LIPOGRAM_GRADER_PROMPT = "You are an editor grading short paragraphs against a rubric."

agent = create_deep_agent(
    model="anthropic:claude-haiku-4-5",
    middleware=[
        RubricMiddleware(
            model="anthropic:claude-haiku-4-5",
            system_prompt=LIPOGRAM_GRADER_PROMPT,
            tools=[check_lipogram],
            max_iterations=5,
            on_evaluation=lambda ev: print(ev["result"], ev["explanation"]),
        ),
    ],
    checkpointer=InMemorySaver(),
)

config = {"configurable": {"thread_id": "lipogram-session"}}
result = agent.invoke(
    {
        "messages": [
            HumanMessage(
                "Write a short paragraph (3-4 sentences) about the ocean without using the letter 'e'."
            )
        ],
        "rubric": (
            "- The paragraph contains zero instances of the letter 'e'\n"
            "- The paragraph is about the ocean and includes at least two vivid sensory details"
            " (sight, sound, smell, touch, or taste).\n"
            "- The paragraph is 3-4 sentences long."
        ),
    },
    config=config,
)

print(result["messages"][-1].content)   # the final paragraph
The rubric field on input state is the trigger. Each grader iteration is delivered to on_evaluation as a RubricEvaluation dictionary containing the verdict, explanation, and per-criterion gaps. When no rubric is supplied on input state, the middleware does not run.

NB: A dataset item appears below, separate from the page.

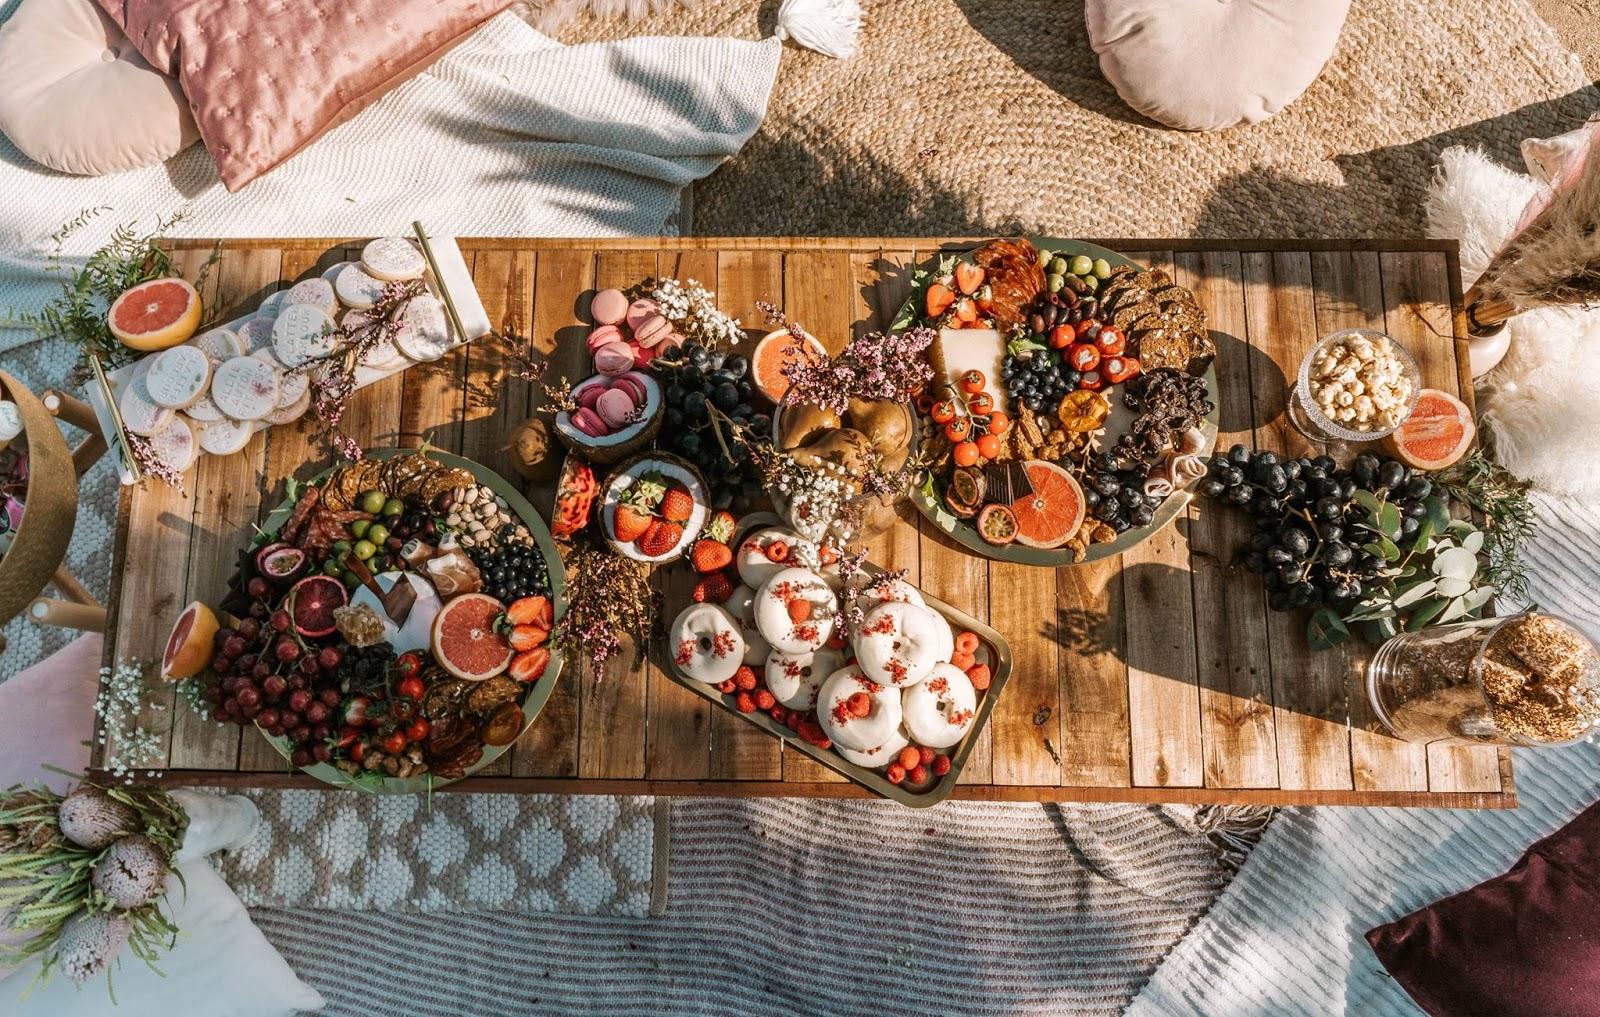 TEN OF THE BEST WEDDING GRAZING TABLES | BRISBANE QLD

Observing iteration progress

Run the agent with agent.stream(..., stream_mode="custom") instead of agent.invoke(...) to receive each grader event as it fires.
EventWhen firedPayload fields
rubric_evaluation_startBefore the grader runs.type — event name
grading_run_id — shared across all events within one rubric attempt
iteration — zero-based index of the current grading run
rubric_evaluation_endAfter the grader returns or after a grader exception.type — event name
grading_run_id — shared across all events within one rubric attempt
iteration — zero-based index of the current grader pass
result — terminal verdict for this pass
explanation — summary from the grader
criteria — per-criterion verdicts
The same RubricEvaluation payload is also delivered synchronously to the on_evaluation callback after each grader pass, and the full history is reachable through agent.get_state(config).values on a checkpointed thread.

Rubric persistence

A single agent.invoke() call runs the rubric loop to completion and returns with a terminal verdict: satisfied, failed, or max_iterations_reached. Rubrics carry over to follow-up invocations only if a checkpointer is attached and the same thread_id is passed alongside the invocation. In these cases, the same rubric persists across future invoke calls until the user passes a new one in. Interrupts (KeyboardInterrupt, asyncio.CancelledError) propagate out of agent.invoke() uncaught. On a checkpointed thread, the next invocation with the same rubric resumes the in-flight grading run.